Brief: From the material below, set down exactly the lines that run from the one containing "平山万佐子「琵琶演奏会」" to the one containing "IMG 6977 A NAPOLI", minus the pictures.

Material shown:
· · · · ·

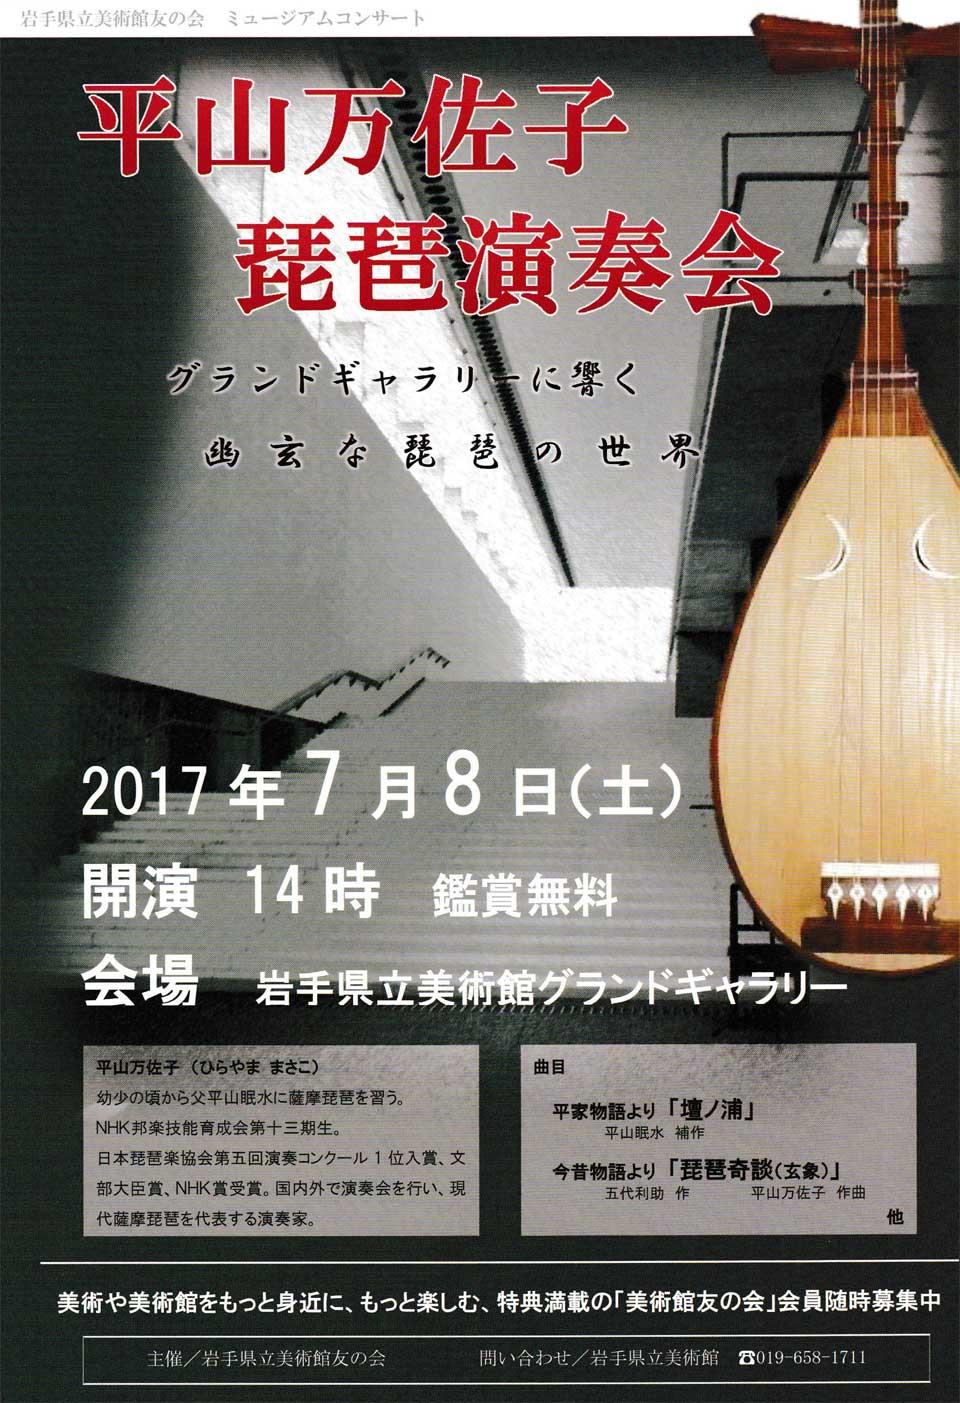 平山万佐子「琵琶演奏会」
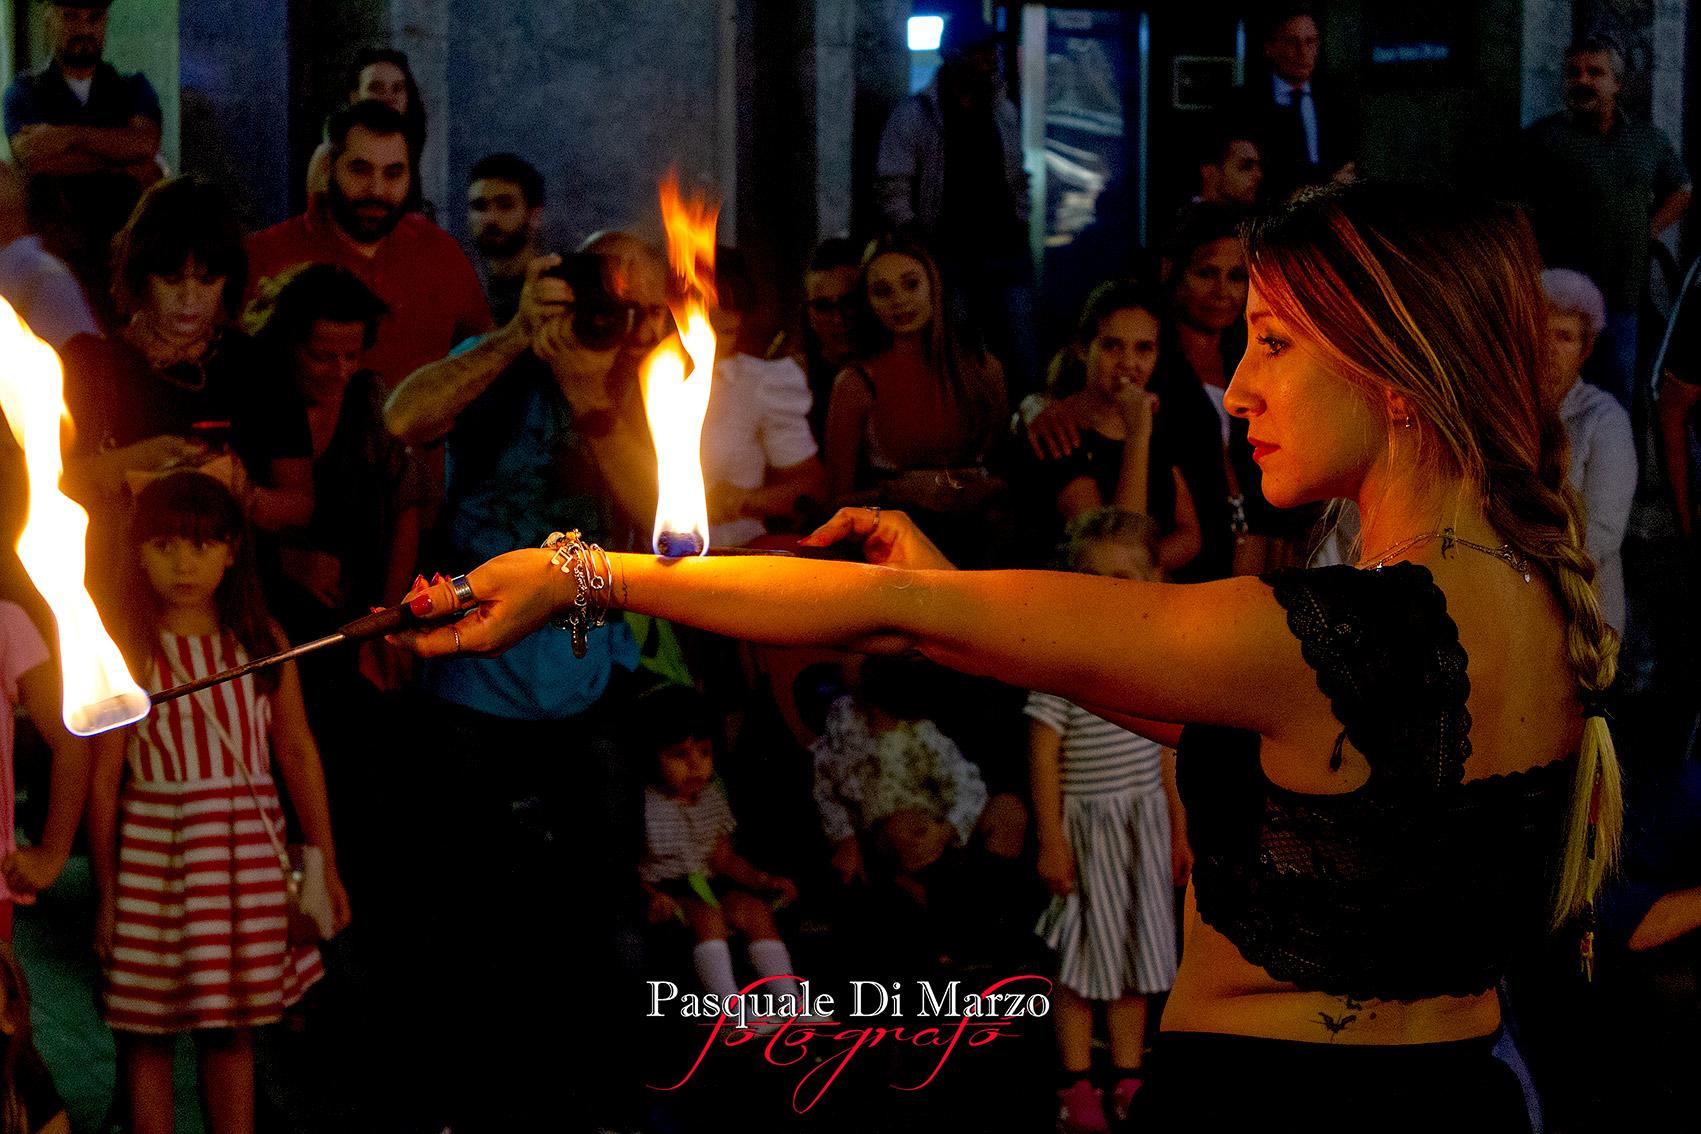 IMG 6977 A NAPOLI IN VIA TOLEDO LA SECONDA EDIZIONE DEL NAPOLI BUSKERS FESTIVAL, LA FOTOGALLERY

· · · · ·

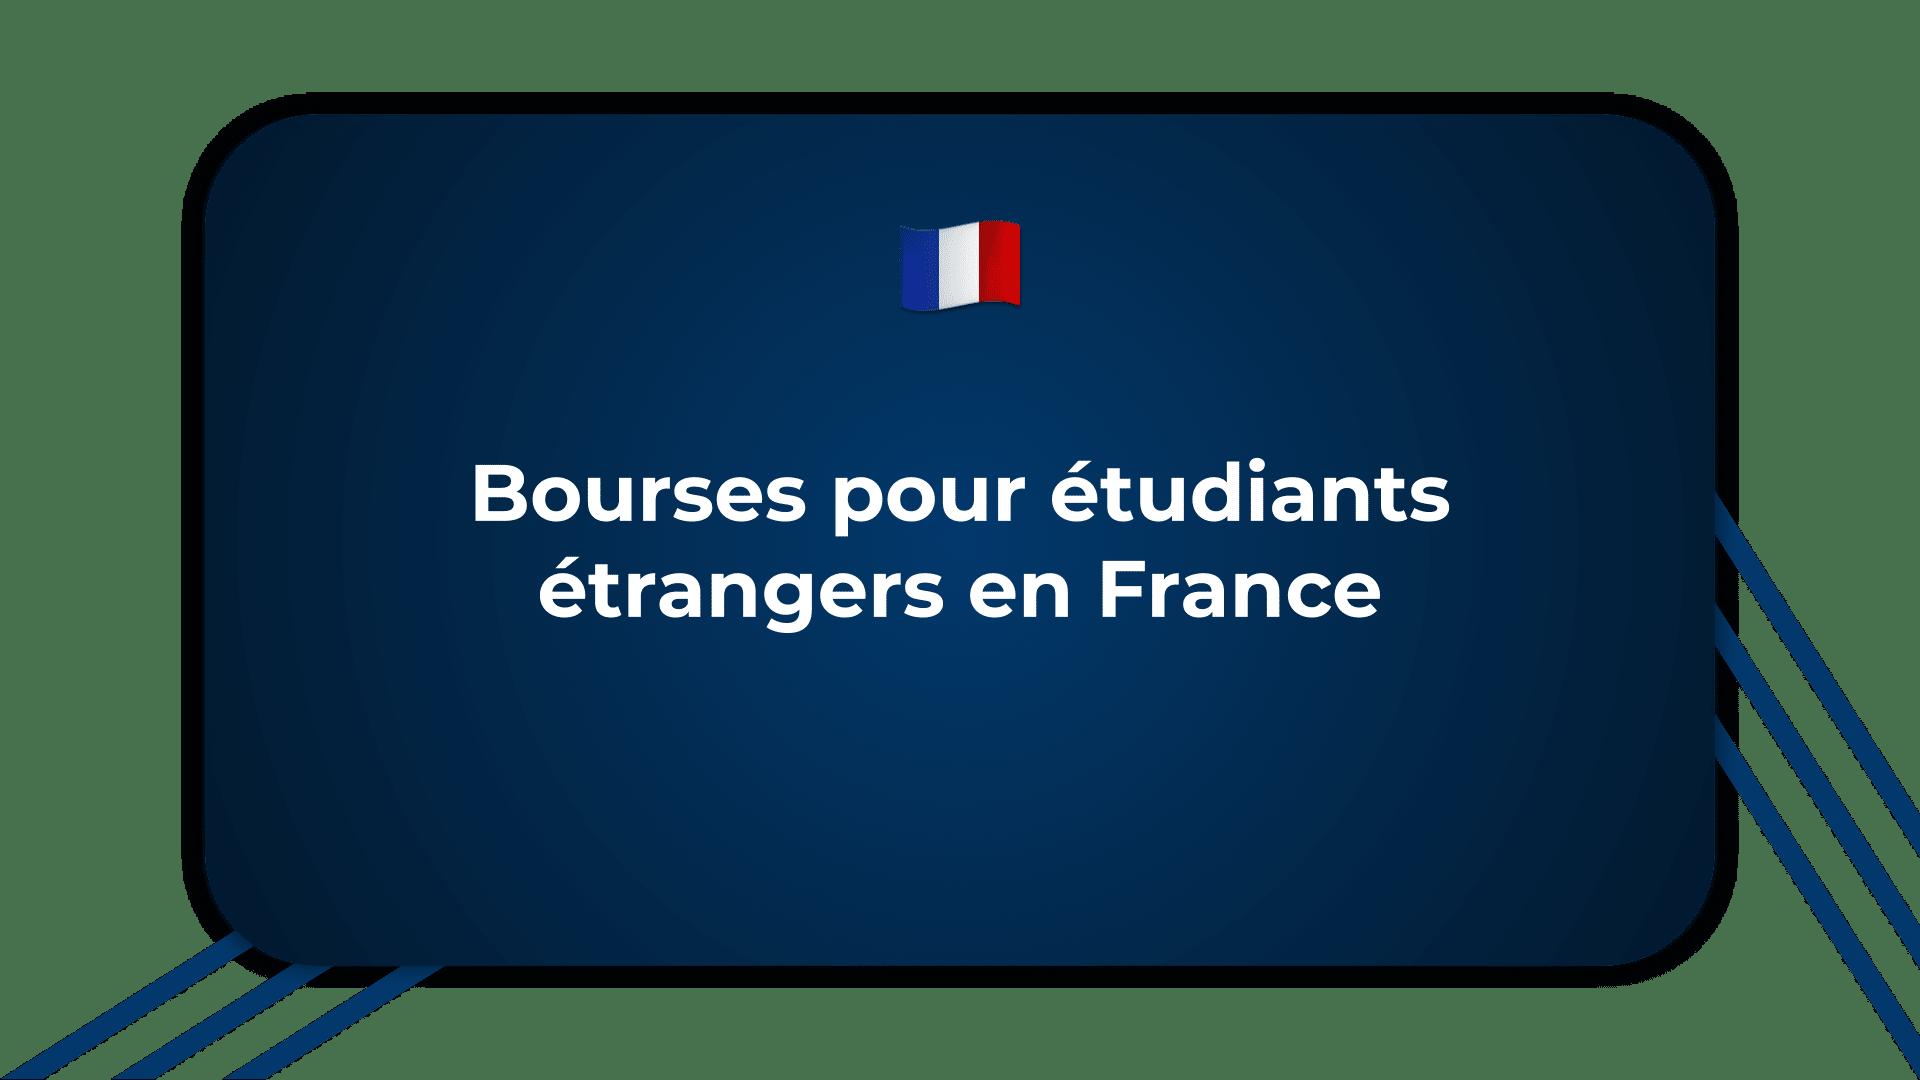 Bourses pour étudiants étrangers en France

· · · · ·

Answer below:
 平山万佐子「琵琶演奏会」
 IMG 6977 A NAPOLI IN VIA TOLEDO LA SECONDA EDIZIONE DEL NAPOLI BUSKERS FESTIVAL, LA FOTOGALLERY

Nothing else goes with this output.